Cloud, Big Data and Data Science Platforms
Hello there! Today I will talk about Cloud, Big Data and Data Science and how Google Cloud can be the one platform that you will ever need. In this post, I will focus on the infrastructure needs of “data companies”, the companies that have data as their core asset. What is a data company? Any company which is driven by data, takes decisions based on data, improves products based on data is a data company. Examples of data companies include Google, Netflix, Uber, Airbnb, and Spotify. They they all share the same DNA of collecting large amounts of data, processing data, find patterns in data and deliver value through services and make money. This is more true for modern data companies like Spotify, Uber and Airbnb. Spotify, the biggest music company does not own a a single album; Uber, the biggest transportation company does not own a single transportation vehicle; Airbnb, the biggest lodging company does not own a single lodge. Data is their core asset.
In order to work with data effectively, you need several platforms.
- Cloud platform to provision resources at scale.
- Big Data platform to process the data.
- Machine Learning platform for learning patterns from data.
- Streaming platform for delivering value in real-time.

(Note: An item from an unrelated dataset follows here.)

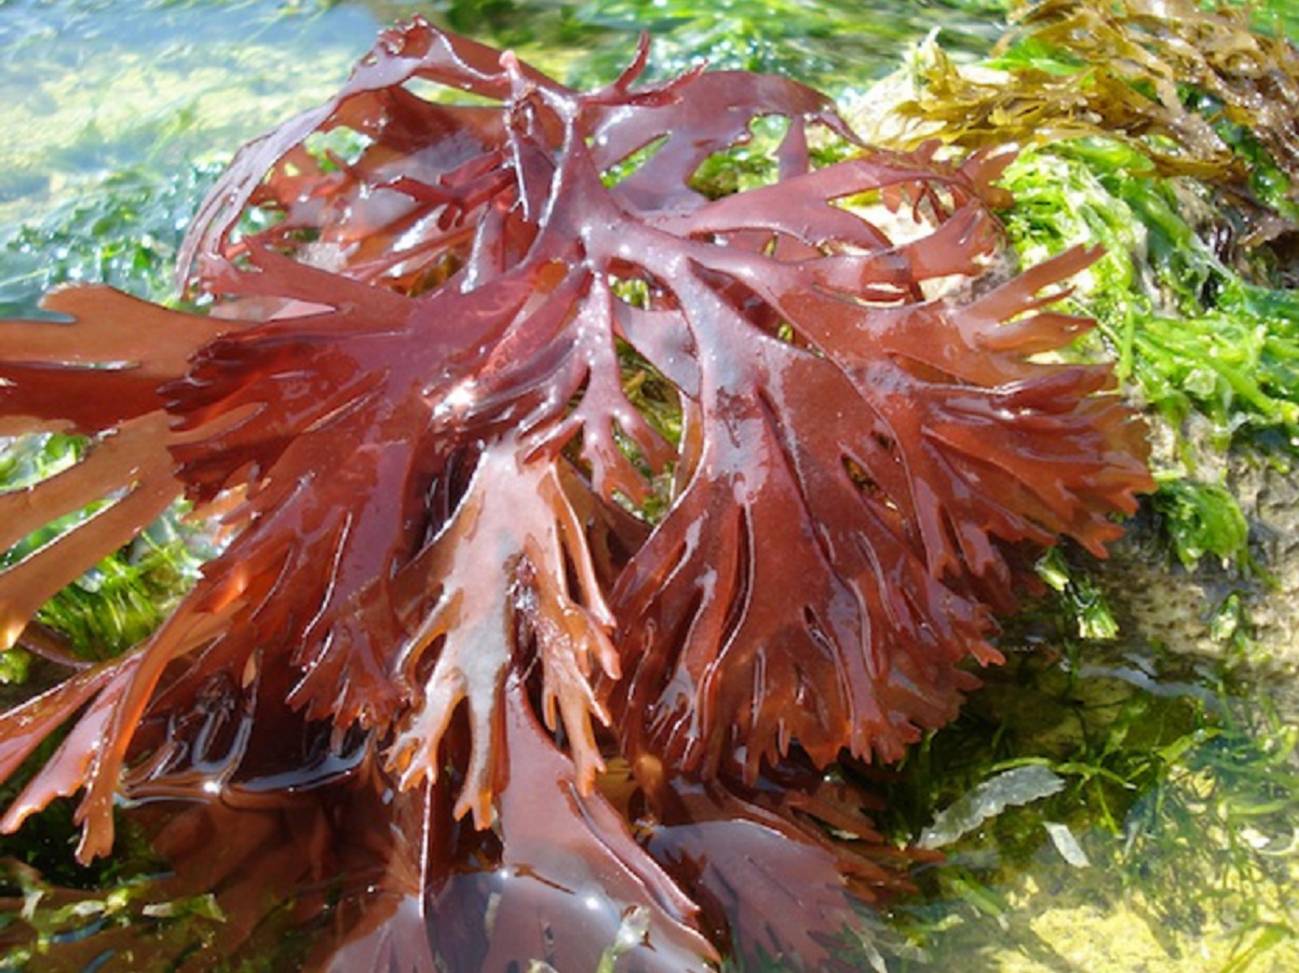 Protectores solares más eficientes y duraderos inspirados en algas marinas

When you operate with Cloud providers like AWS / IBM / Azure, you are working with a multitude of systems. Your Cloud provider (AWS / IBM / Azure) provides the hardware resources; your Big Data platform (Hadoop / Spark) for processing data. You also need to have Streaming platform (Kafka / AWS Kinesis), Machine Learning platform (IBM Watson / Nervana) and Container platform or Cluster manager (Cloud Foundry / Mesos). Having so many platforms is a maintenance headache. Not only that, they don’t understand or work well with each other.
When you use Google Cloud, here is how all your platform needs are taken care of.
- Cloud: Google Cloud provides resources needed (VMs, Storage buckets, Databases, IAM, Monitoring tools, etc …). On top of Cloud, Google Cloud provides several services like App Engine, Cloud Shell (Bastion as Service) and takes care of nitigrities like SSH key management which reduce the DevOps needs. VMs boot 5 times faster, networking fabric is an order of magnitude faster, Cloud Storage and Disks are about 2 times faster, local SSDs are about 5 times faster compared to AWS and Microsoft offerings. Innovative sustained discounts gives the flexibility you need to procure resources as per your needs, with out going for long term lock in.
- Big Data: The biggest advantage with Google Cloud is its Big Data stack. Dataflow (Crunch petabytes of data with ease), Pub/Sub (Send the “Internet” through it 10 times in a day), Bigtable (Internet scale NoSQL data store for storing petabytes of data), BigQuery (The equivalent of Parquet columnar storage + Presto query engine running on custom hardware + Airpal for Web UI+ NoOps) are 5 years to decade ahead of other industry leading tools.
- Streaming: Cloud Pub/Sub is an Internet scale messaging system with flexible push or pull-style subscriptions. Its a global service, meaning that you can send messages to it in one zone/region and receive messages in another zone/region, without any extra cost. It can scale to millions of messages instantly. Provides data security and protection by encrypting data on the wire and at rest by default. It can work with variety of sinks and sources including Dataflow (for stream processing), Cloud Storage (for persistent storage), Cloud Logs, Cloud Monitoring, etc .,
- Data Science: Google Cloud offers a spectrum of services on data science side. It provides Machine Learning API’s like Vision API, Speech API, Translate API which make it easy for developers to get started with. Cloud ML, hosted version of TensorFlow, will enable data scientists to train ML models without worrying about infrastructure. If you like to develop new models, you can do so using TensorFlow, which is open source. If you are feeling like exploring data in an ad hoc way, you can try Cloud Datalab, a hosted version IPython Notebook. Datalab integrates really well with BigQuery and Cloud Storage.
- Containers: Google Cloud Container Engine (GKE) is a hosted version of Kubernetes, the most popular open source management solution for containerized applications. Kubernetes has nearly 1 K developers, 30 K commits, 15 K stars on GitHub. It comes with automatic bin packing, self-healing, horizontal scaling, seamless service discovery, built in load balancer, automatic rollouts and rollbacks, and more. Kubernetes make large scale container management easy.
When you work with Google Cloud, you are using one single coherent platform that serves all your needs for Cloud, Big Data, Streaming, Data Science and Container systems. You don’t need to fight with multitude systems that don’t work well with each other. Imagine the number of hours saved and productivity unleashed!